_EXERCISE DESCRIPTION_
Your task is to repeat exactly the lines from the one with "Size: circa 20 in. by 24 in." through the end of the records, both included; please leave the pictures out.
★ ★ ★
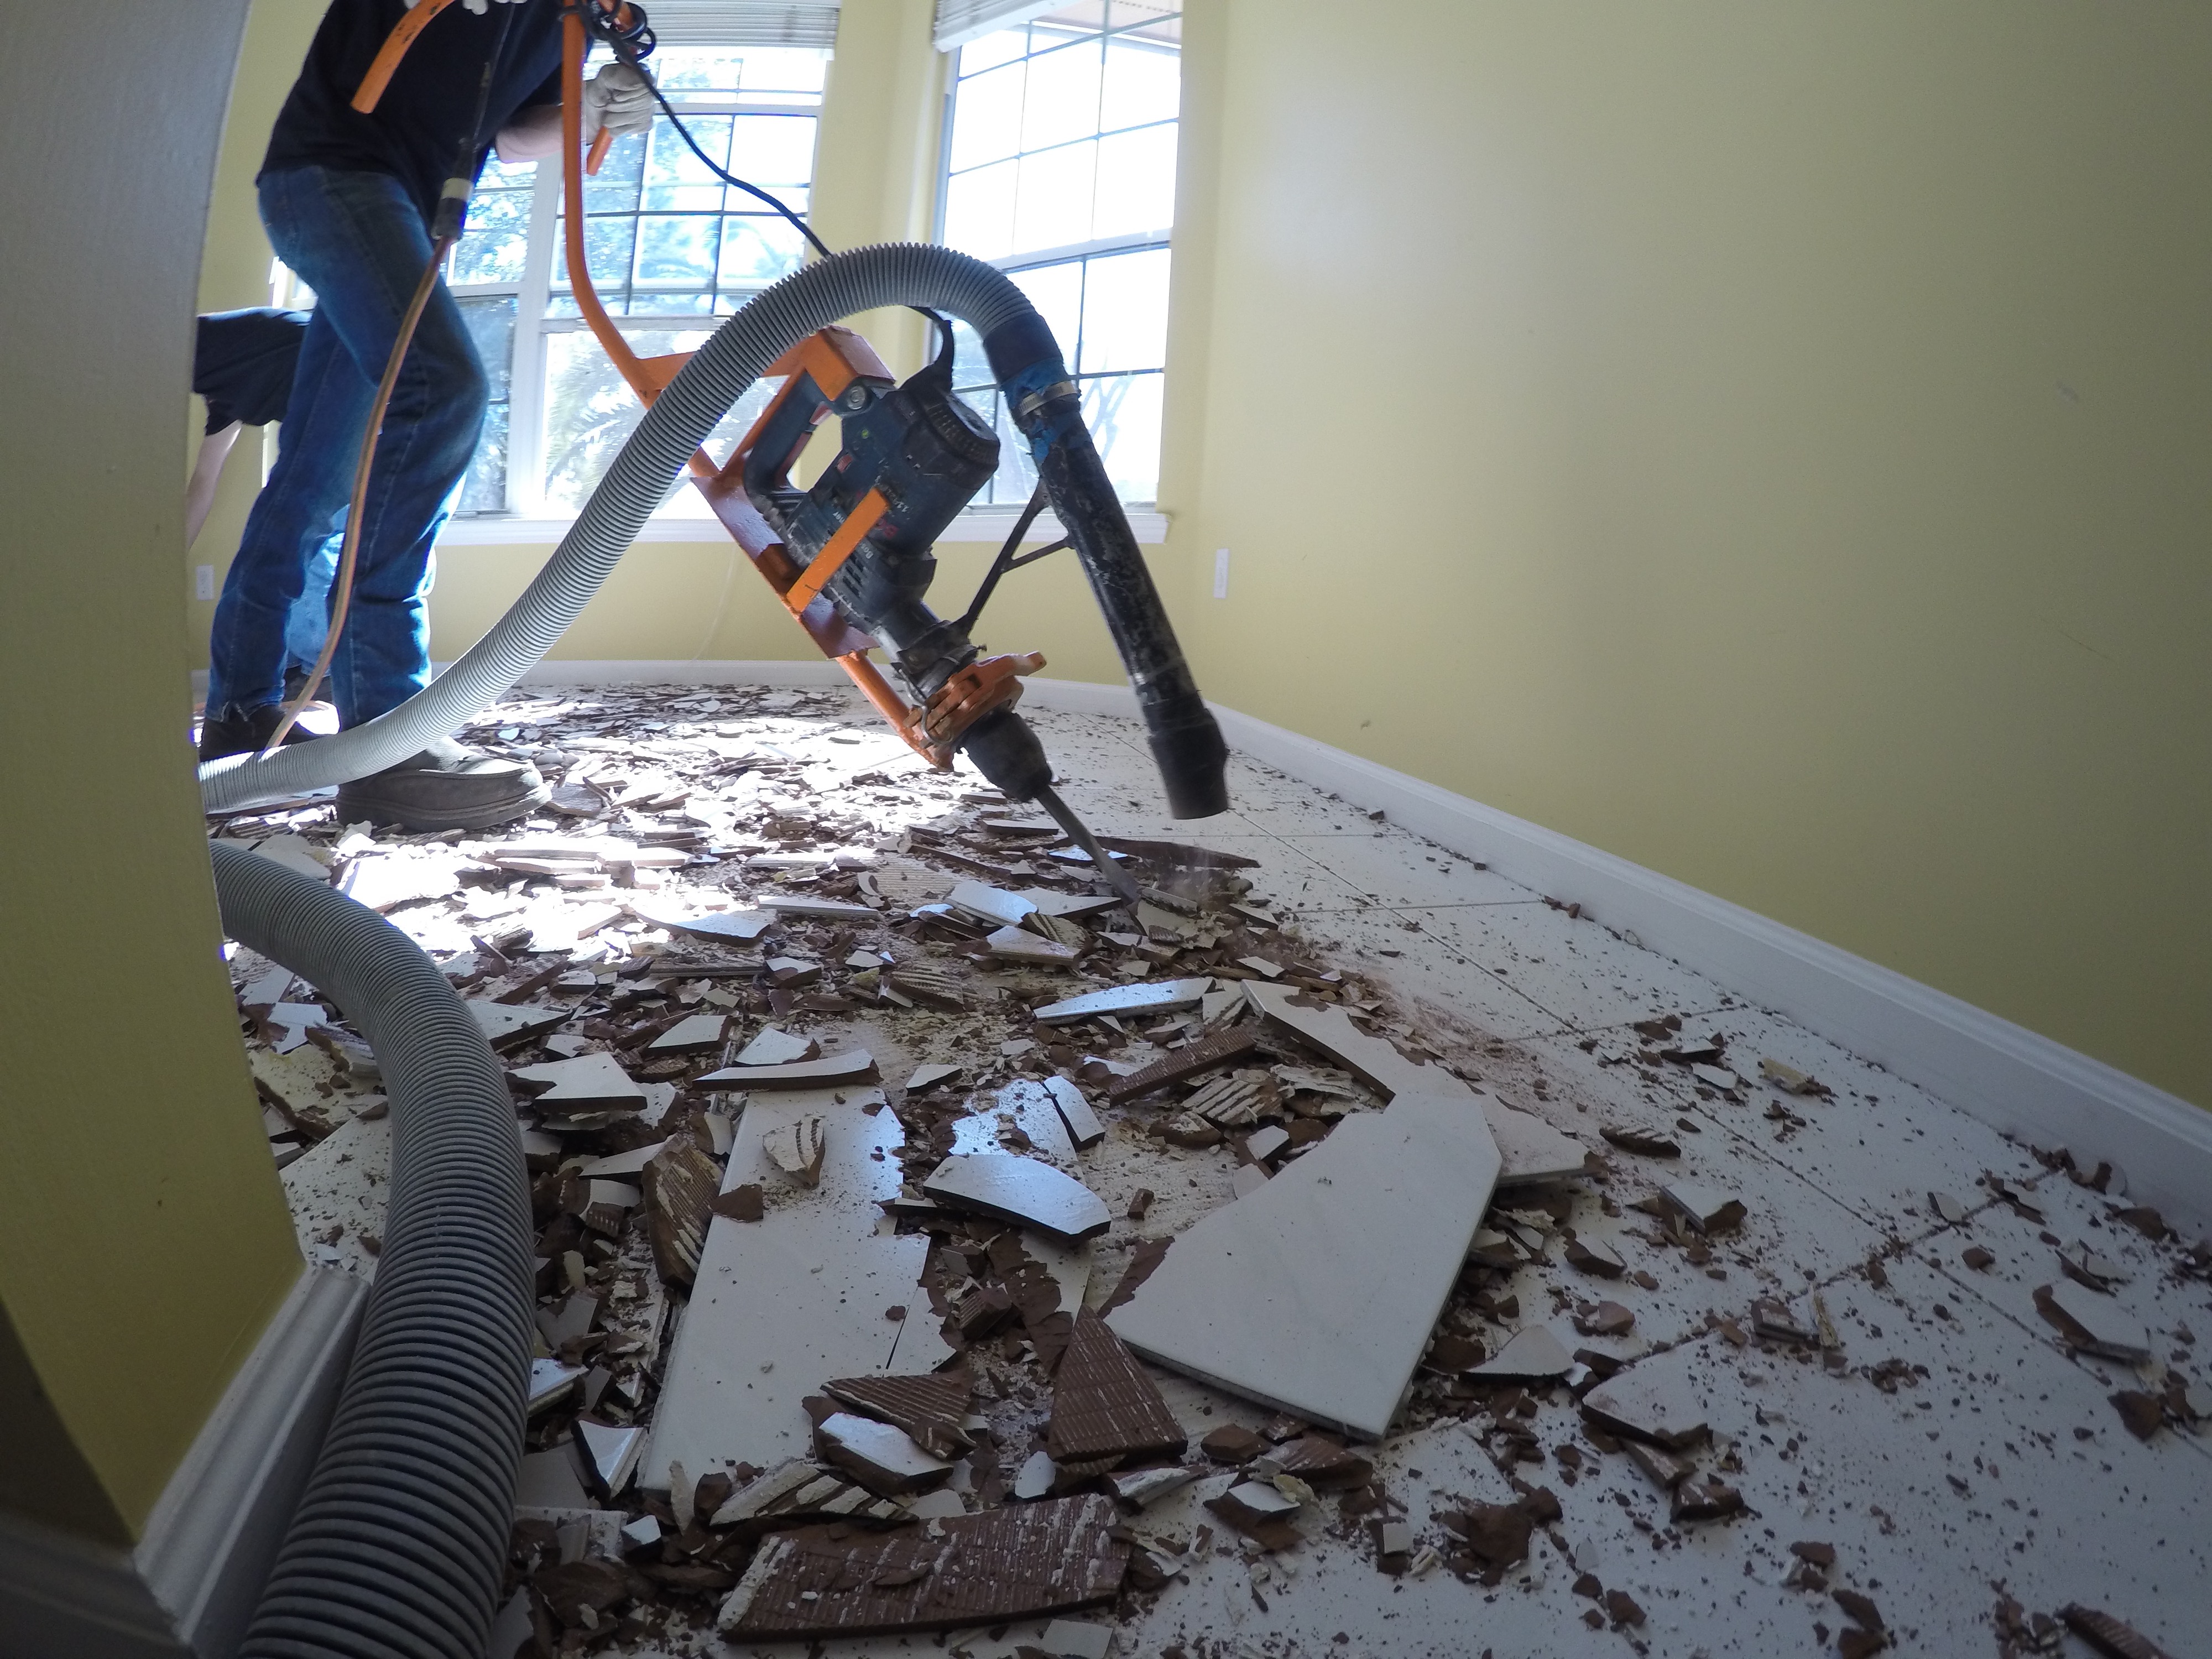 Tile Removal The Easy Way Sdy, Removing Floor Tile
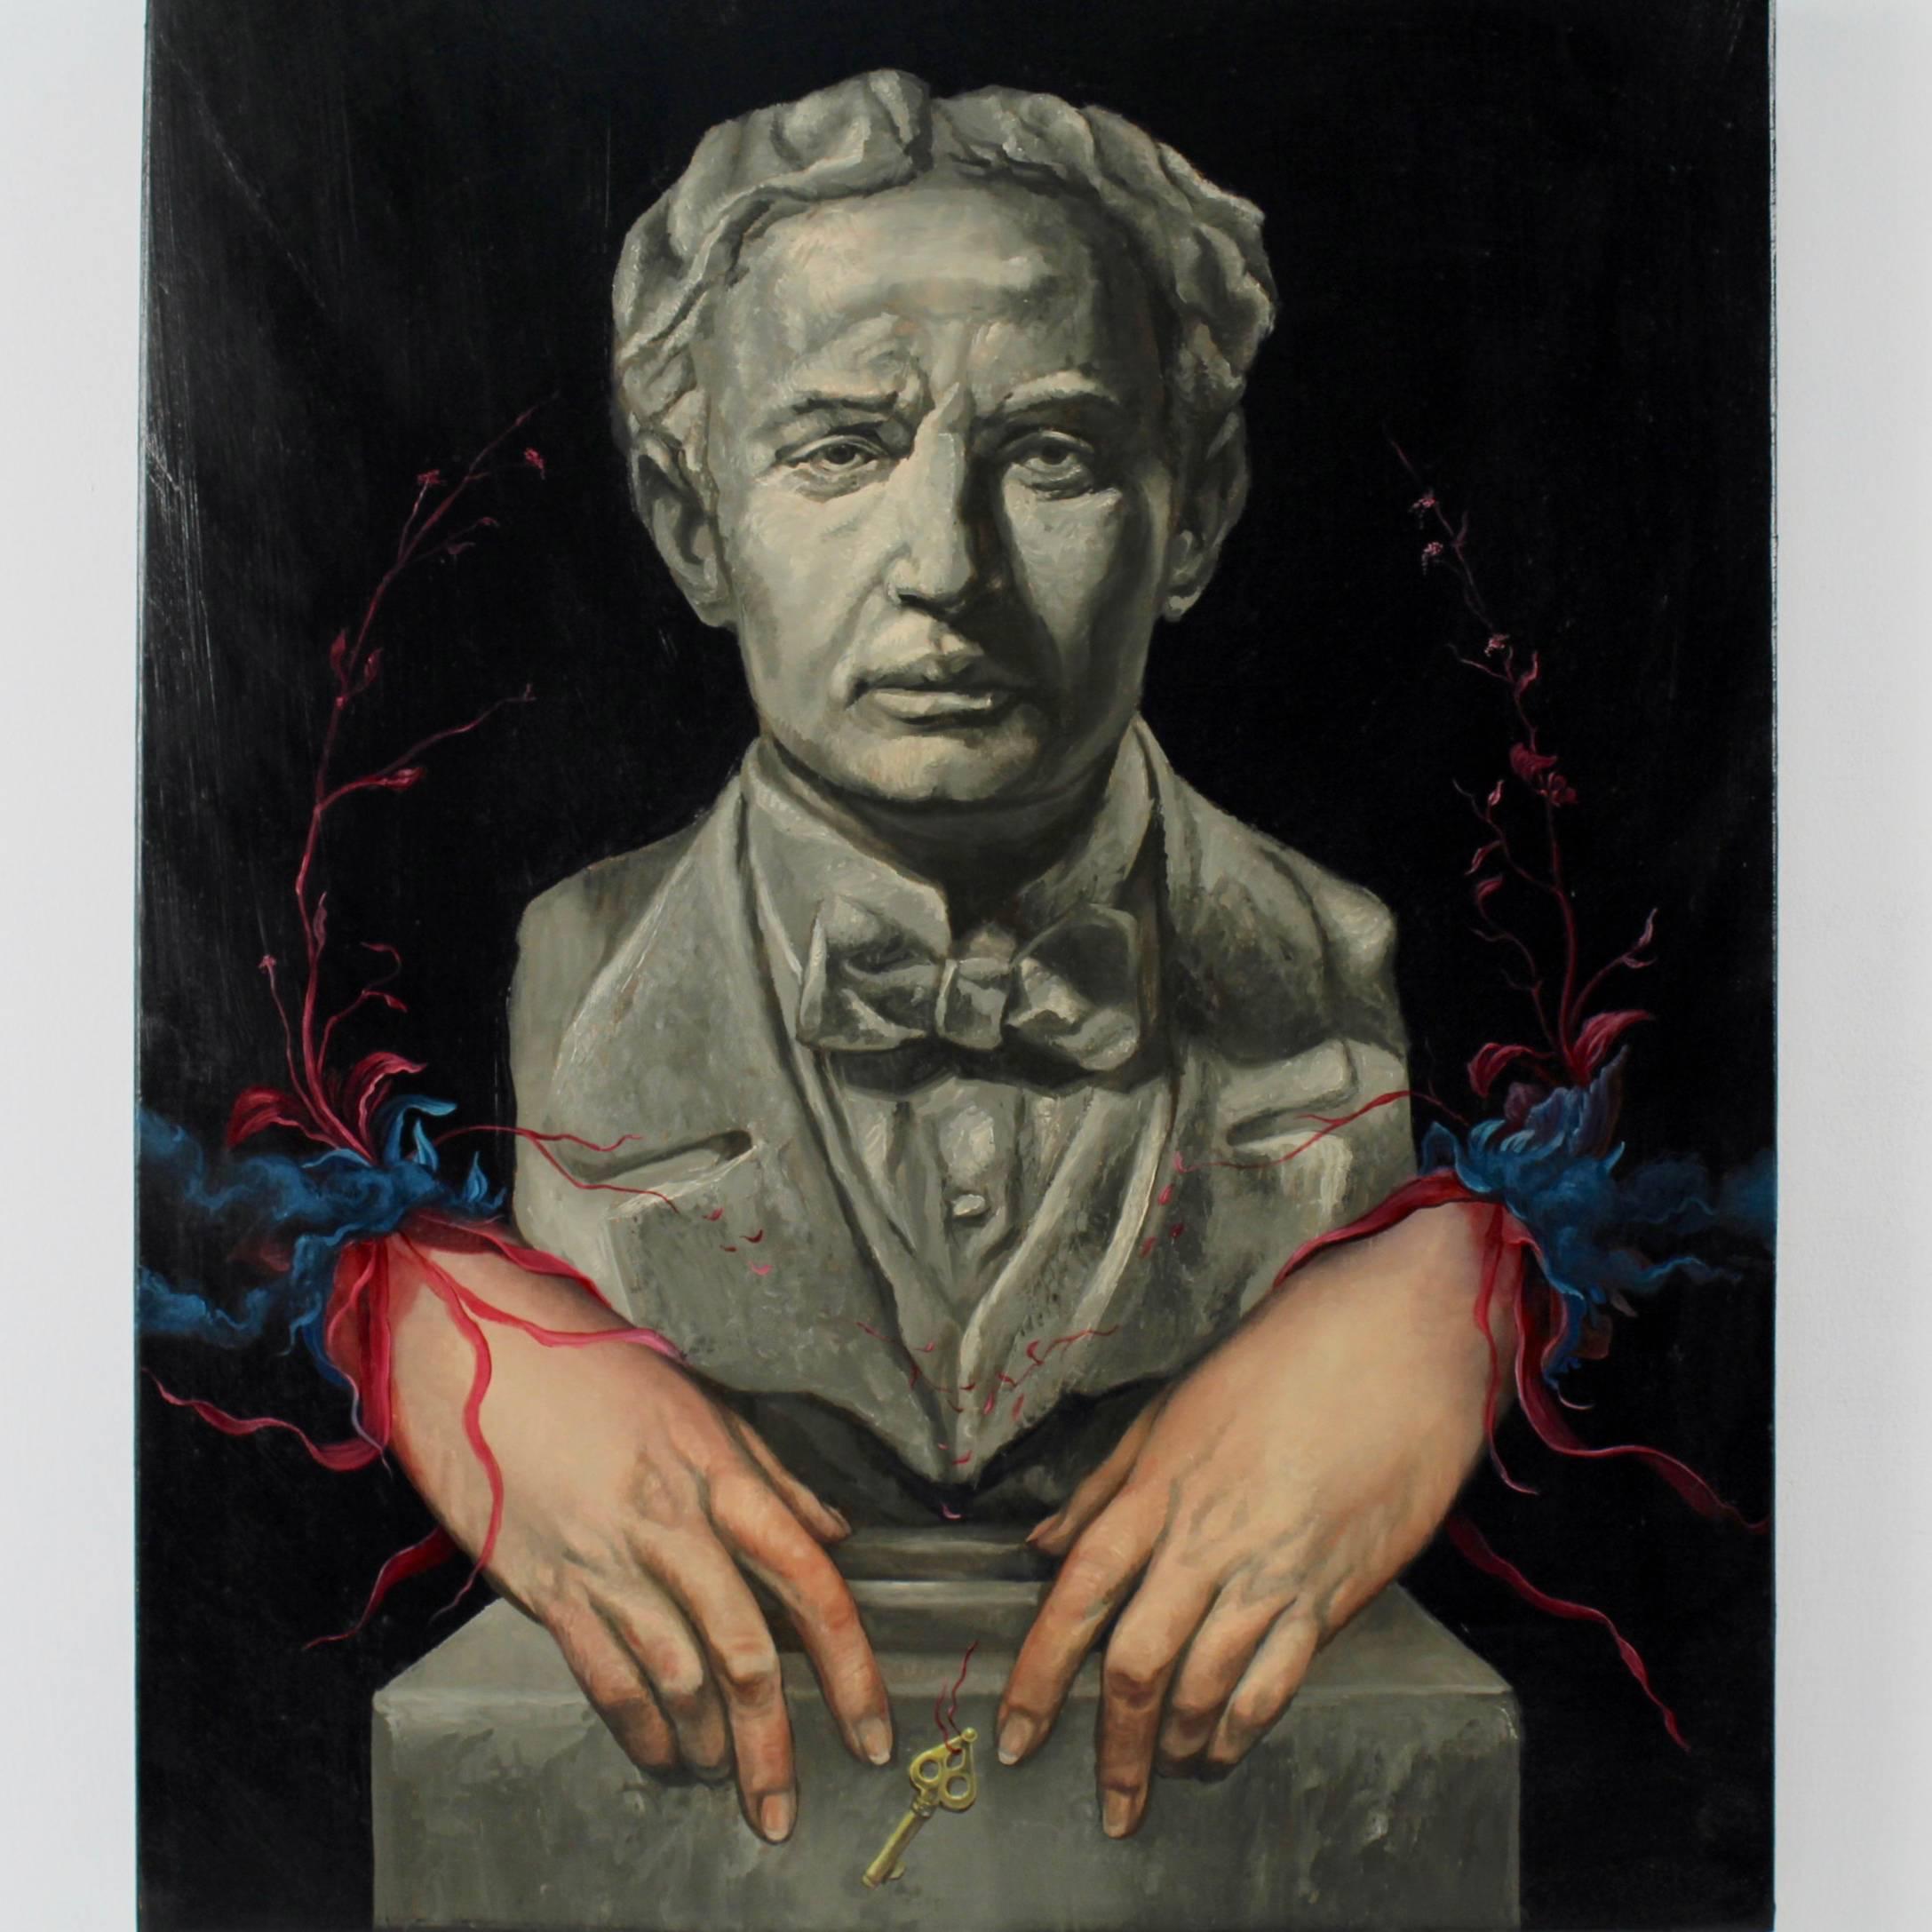 Boundless.

Depicts liminial hands and a key before the only remaining Bust of Houdini.

Oil on panel by Paul Romano.

Size: circa 20 in. by 24 in. 

Items purchased from David Sterner antiques must delight you. Purchases may be returned for
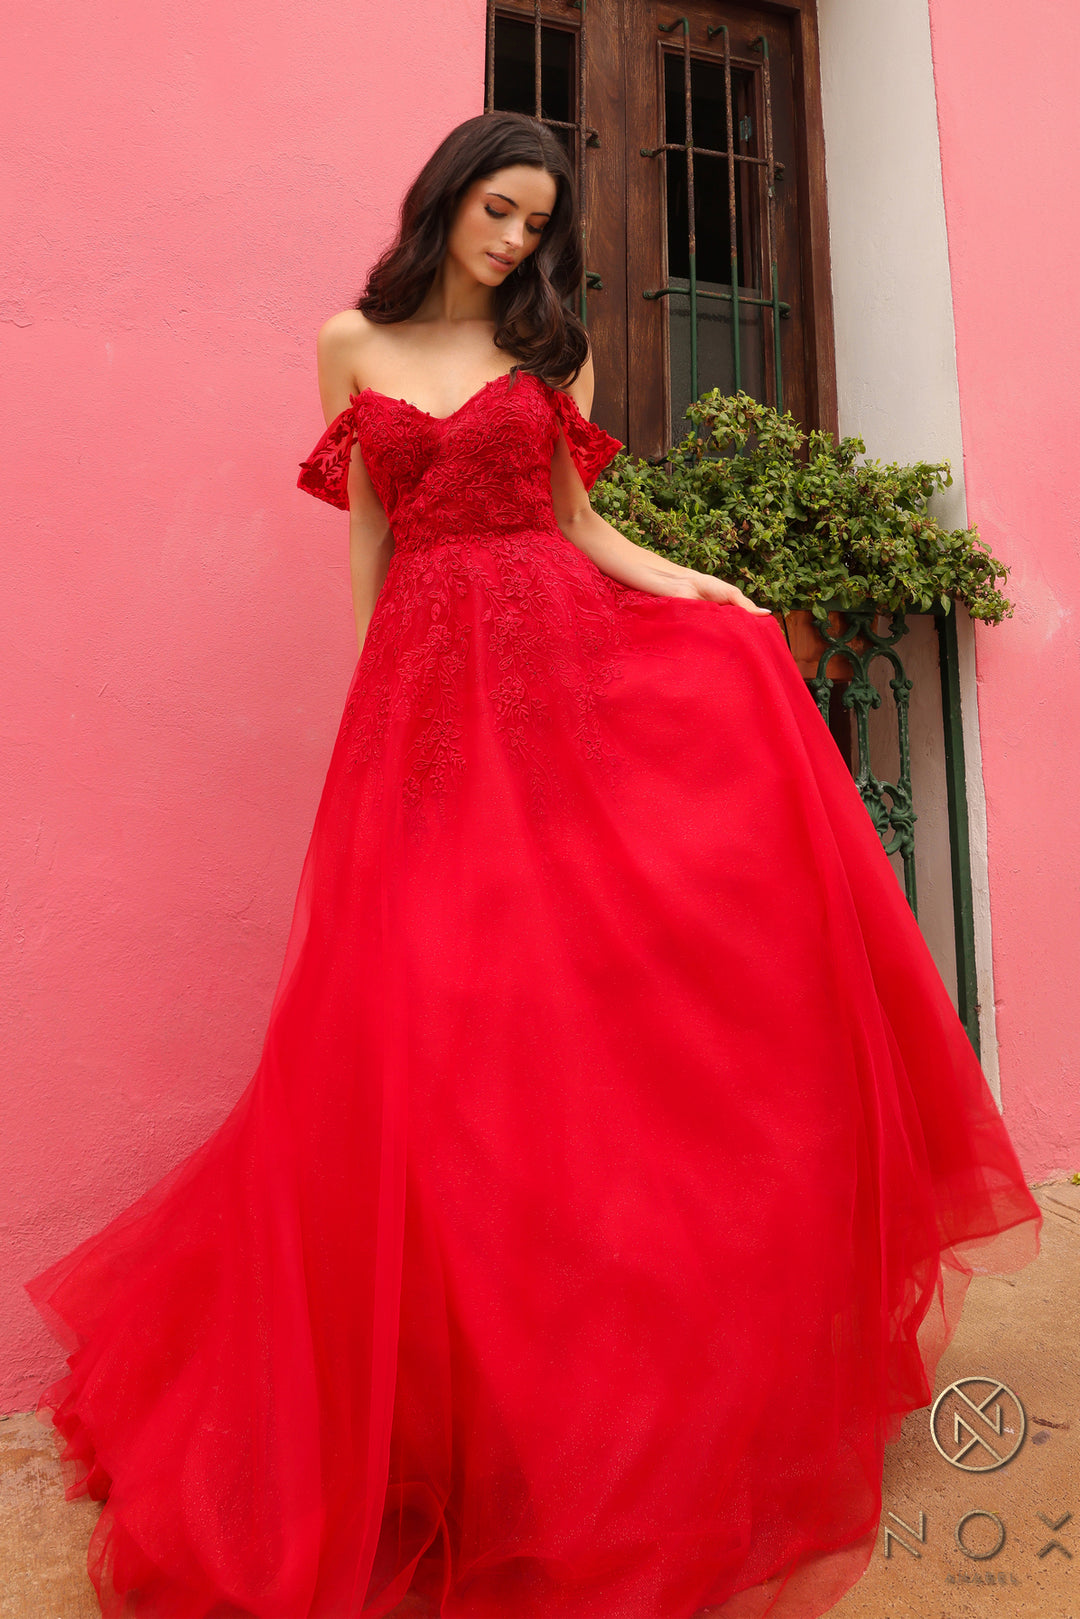 Applique Off Shoulder Ball Gown by Nox Anabel R1303
★ ★ ★
_RESPONSE TO THE EXERCISE_
Size: circa 20 in. by 24 in. 

Items purchased from David Sterner antiques must delight you. Purchases may be returned for
 Applique Off Shoulder Ball Gown by Nox Anabel R1303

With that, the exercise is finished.